• _Activity_
Write every line below out again, exactly as given, but leave out the pictures.

• _Raw data_

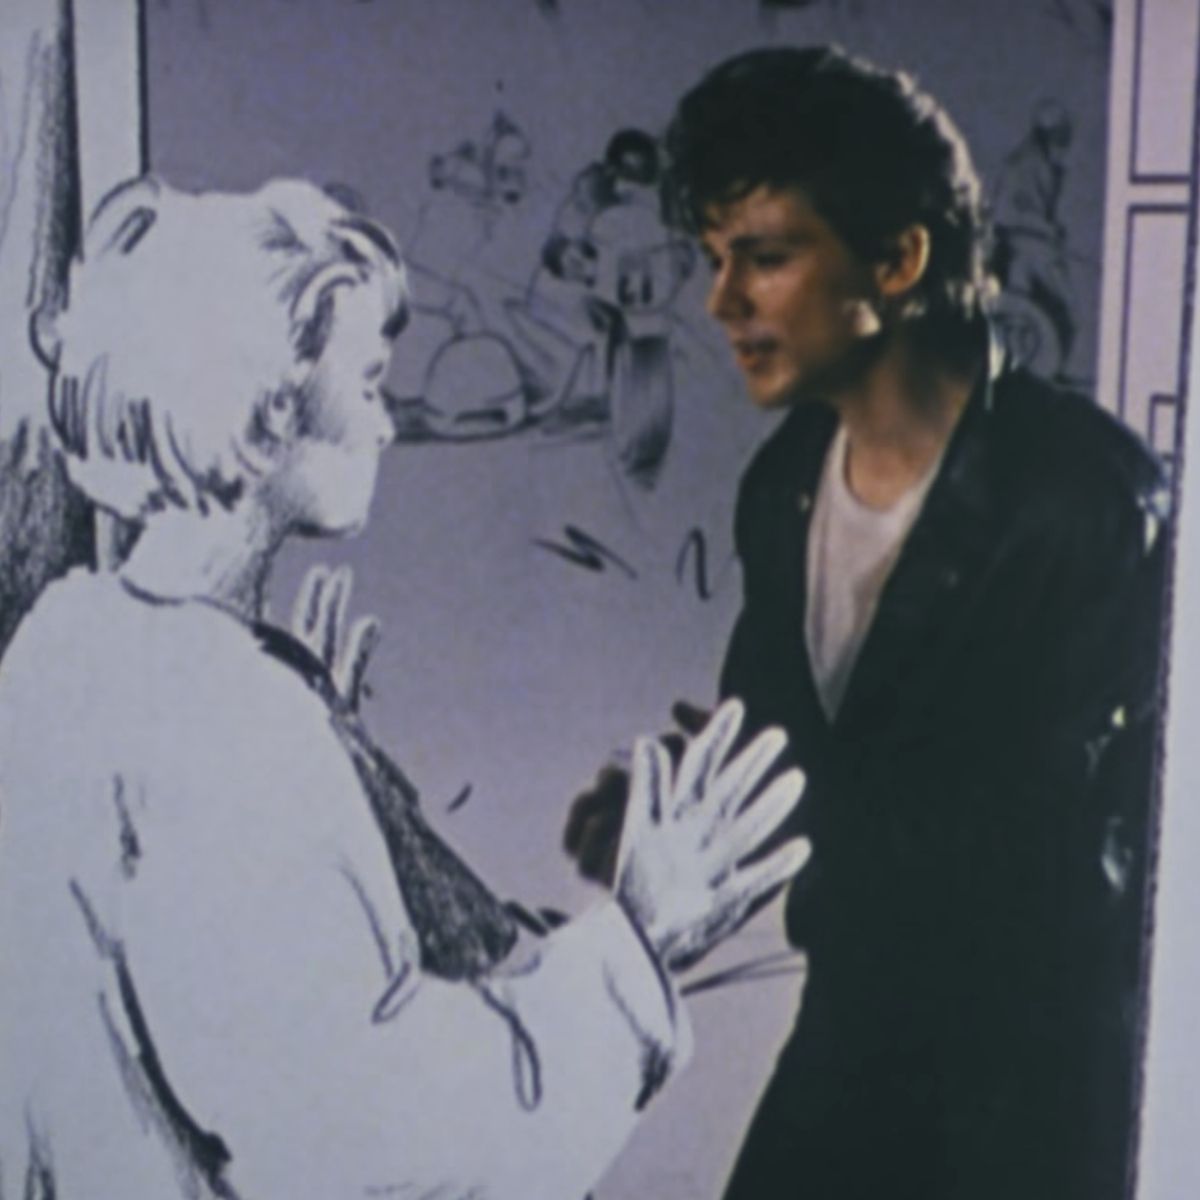 A frame from the video "Take On Me" by the group "A-ha"
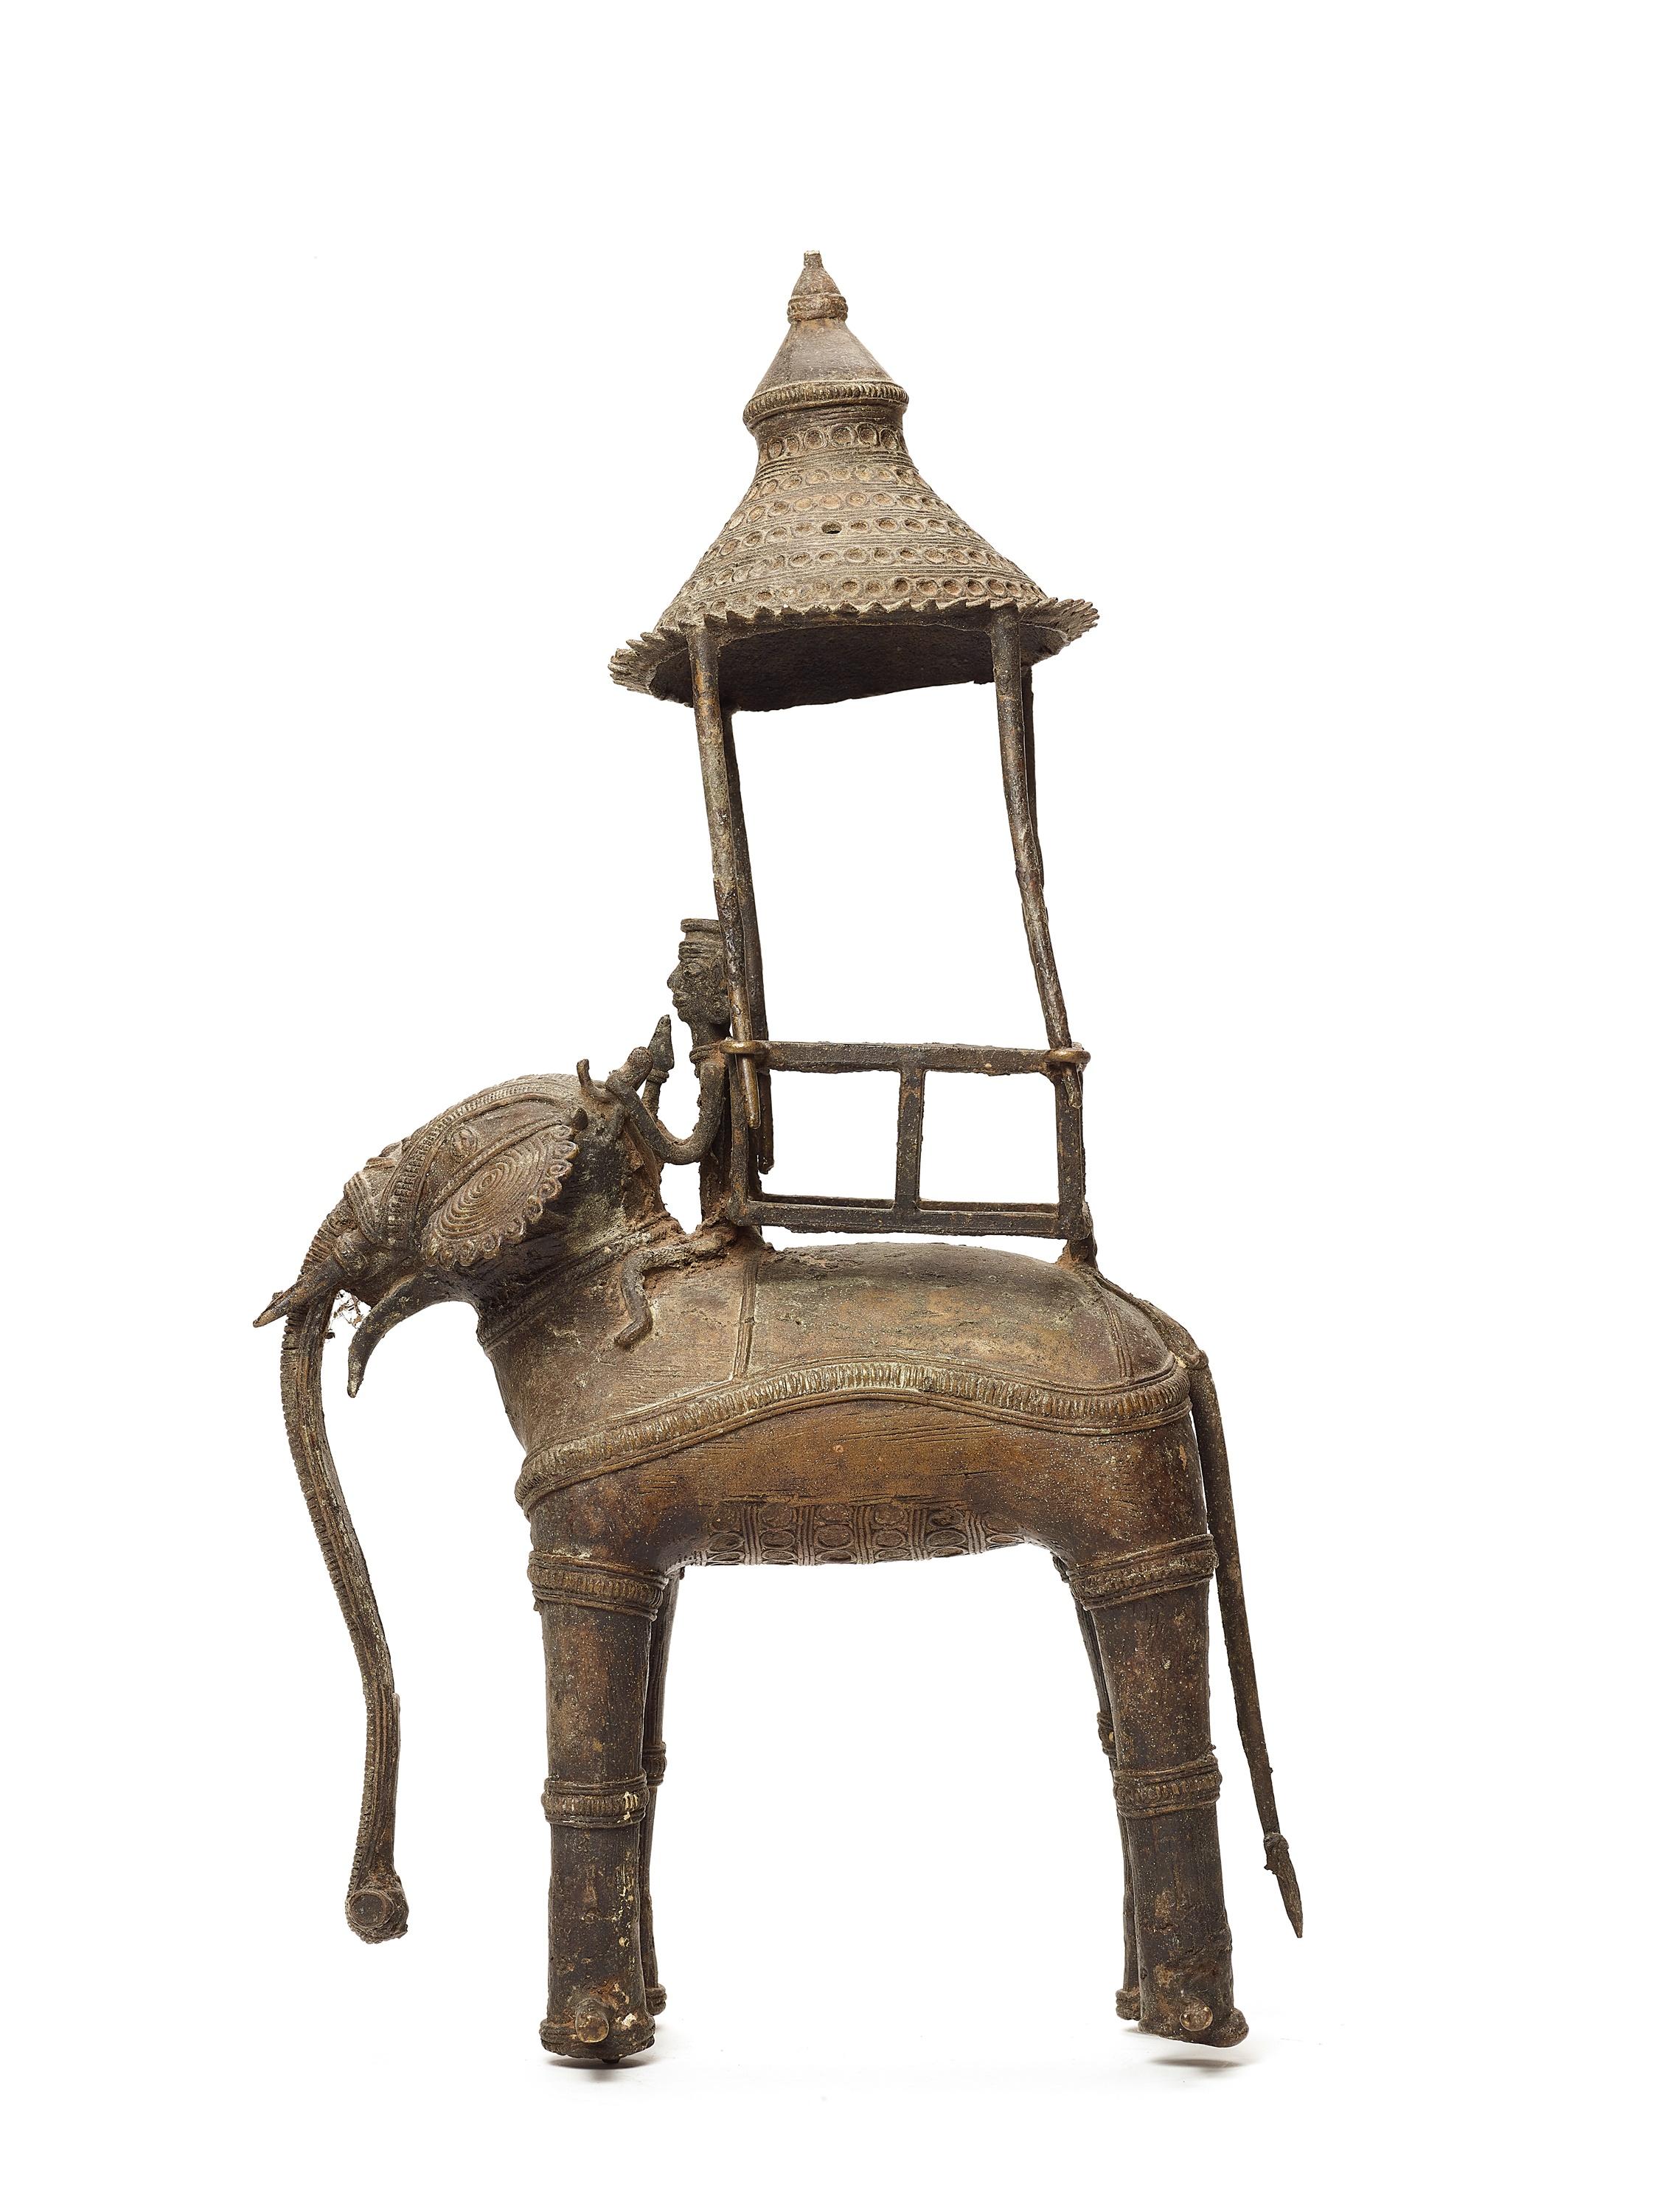 A bastar bronze of an elephant with Howdah, india, 19th-20th century

This very large figure of elephant consists of two parts, the elephant itself and the umbrella with a lotus bud on top. The head of the elephant is remarkably well decorated

• _Answer section_
 A frame from the video "Take On Me" by the group "A-ha"
 A bastar bronze of an elephant with Howdah, india, 19th-20th century

This very large figure of elephant consists of two parts, the elephant itself and the umbrella with a lotus bud on top. The head of the elephant is remarkably well decorated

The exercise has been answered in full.